Top of Information provided

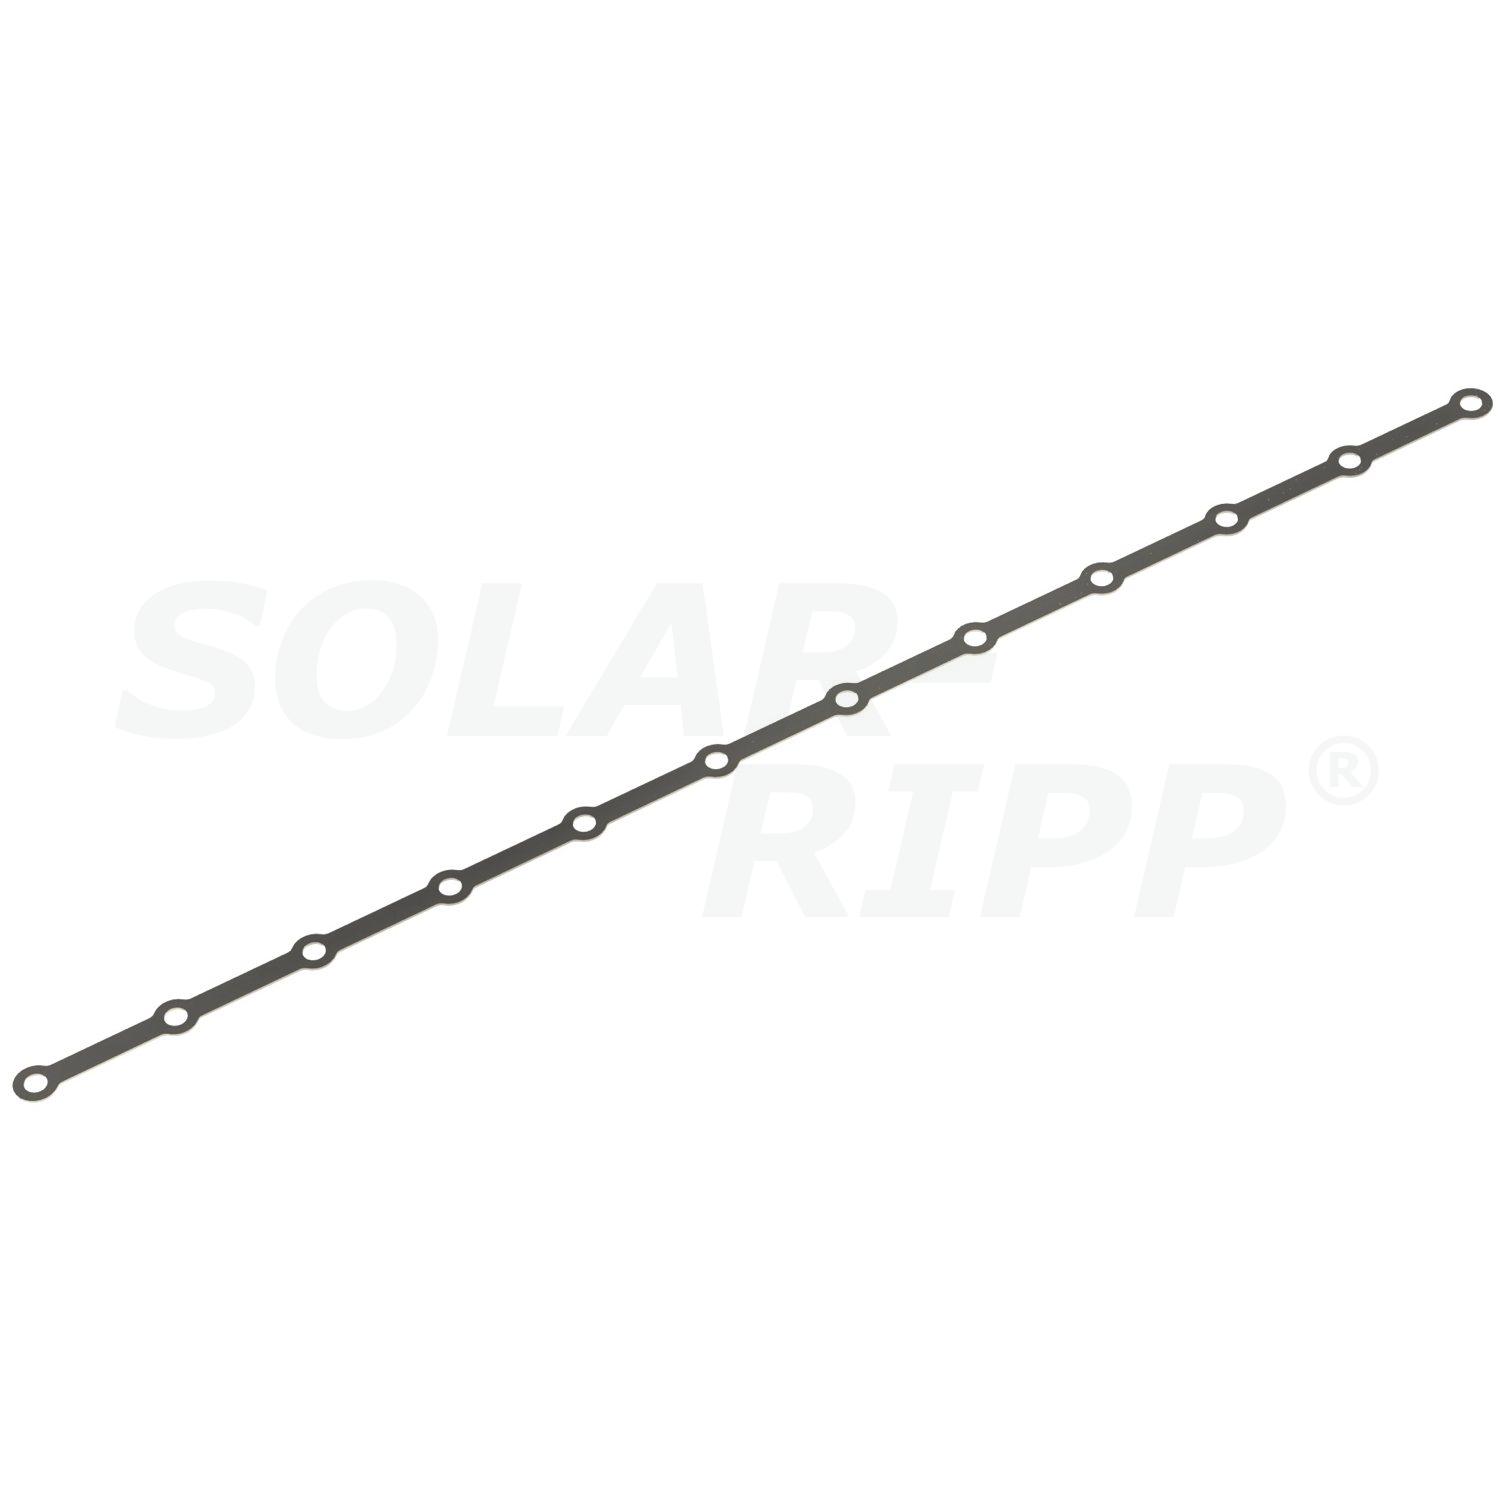 Tiras perforadas para la fijación del distribuidor/colector SOLAR-RIPP ®
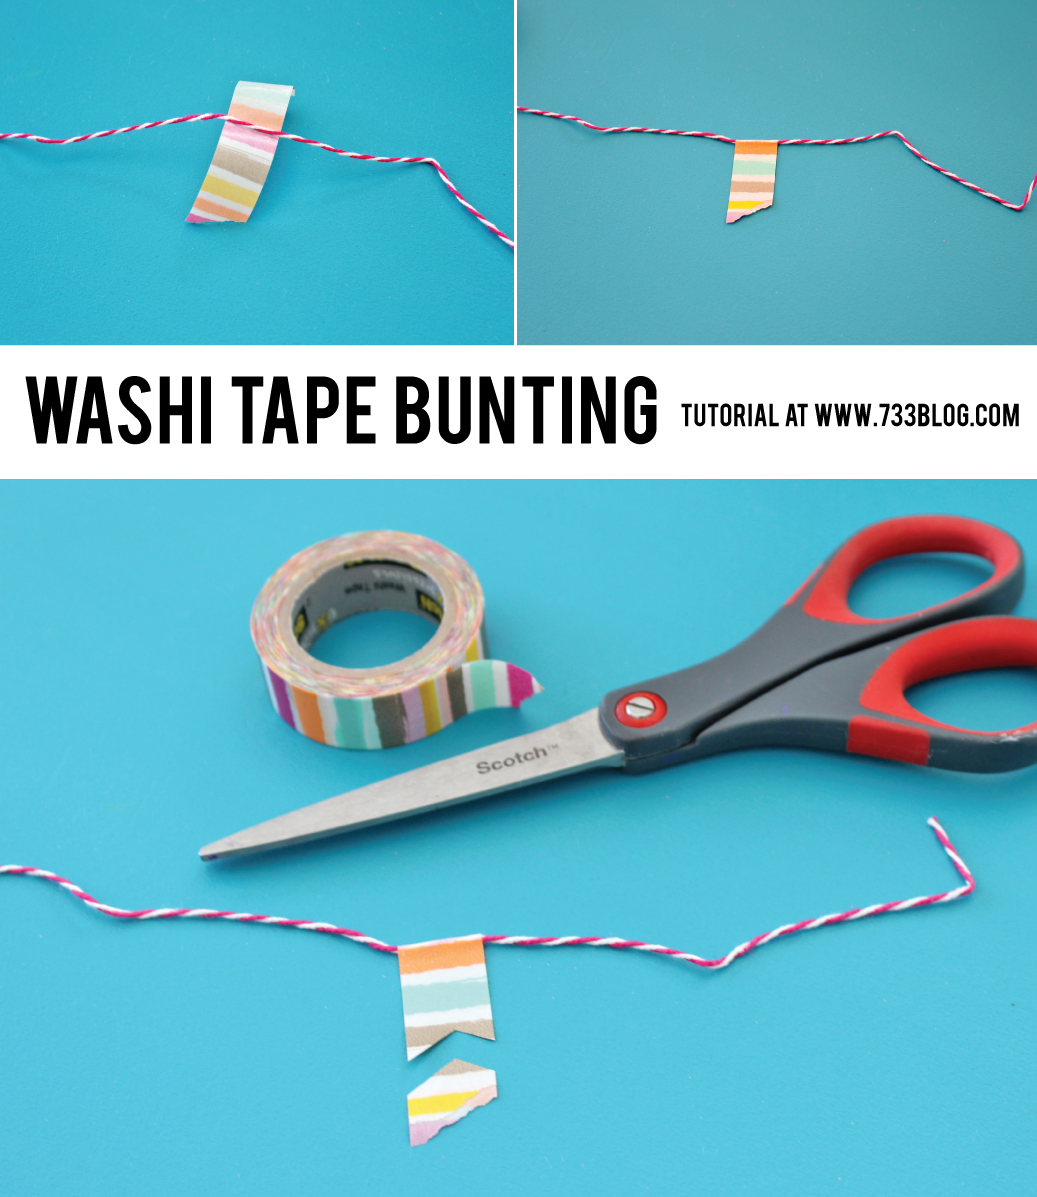 Washi Tape Bunting Tutorial
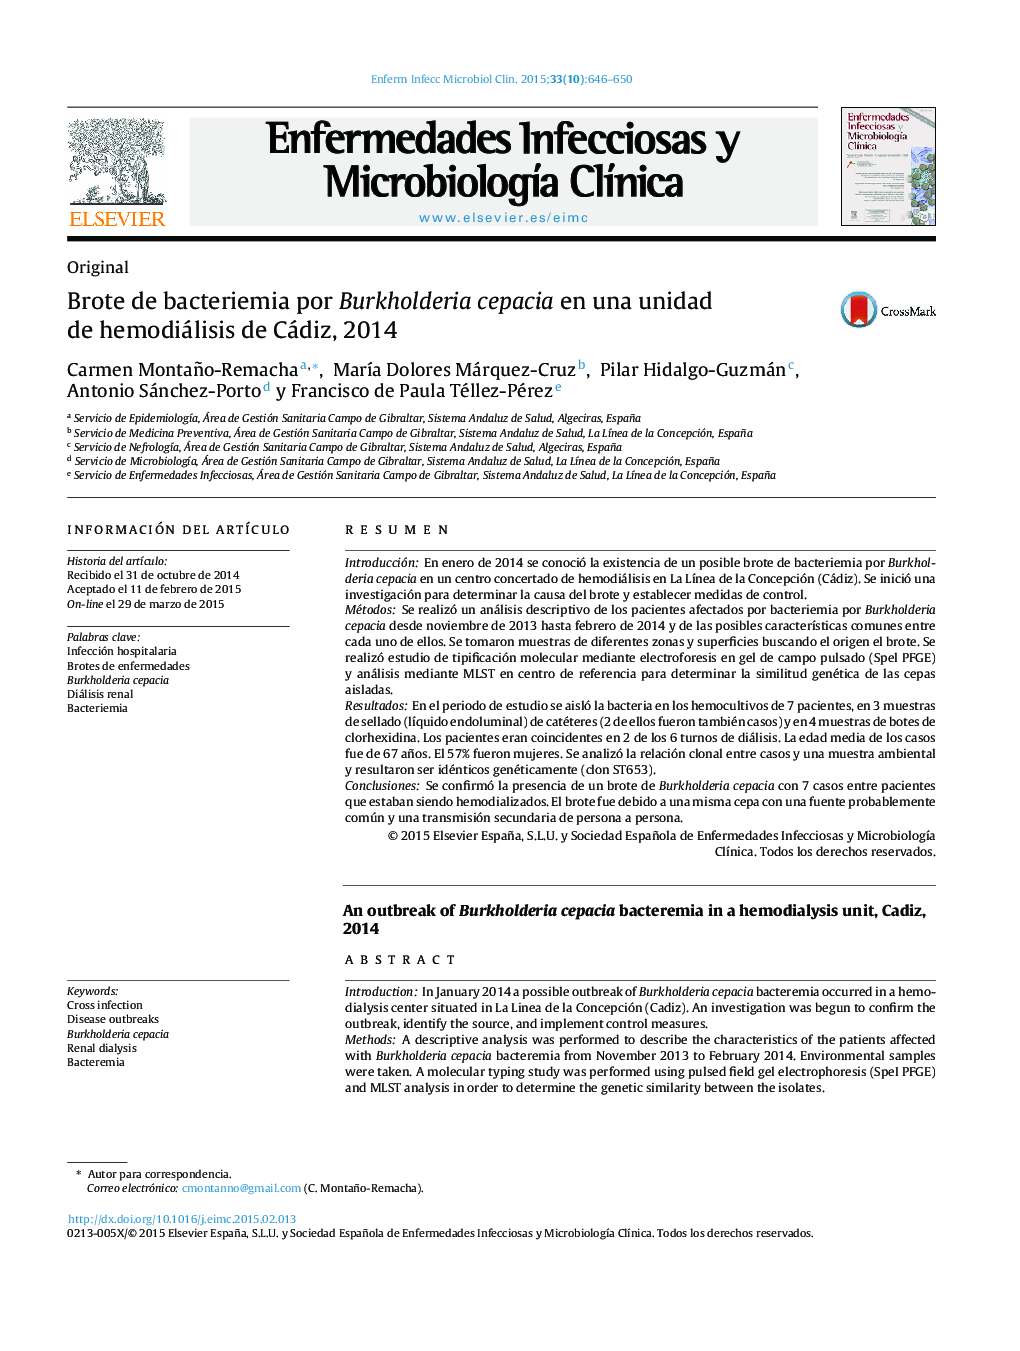 Brote de bacteriemia por Burkholderia cepacia en una unidad de hemodiálisis de Cádiz, 2014

Bottom of Information provided

Omit any images, then output the listing exactly.

_Answer to this problem_:
 Tiras perforadas para la fijación del distribuidor/colector SOLAR-RIPP ®
 Washi Tape Bunting Tutorial
 Brote de bacteriemia por Burkholderia cepacia en una unidad de hemodiálisis de Cádiz, 2014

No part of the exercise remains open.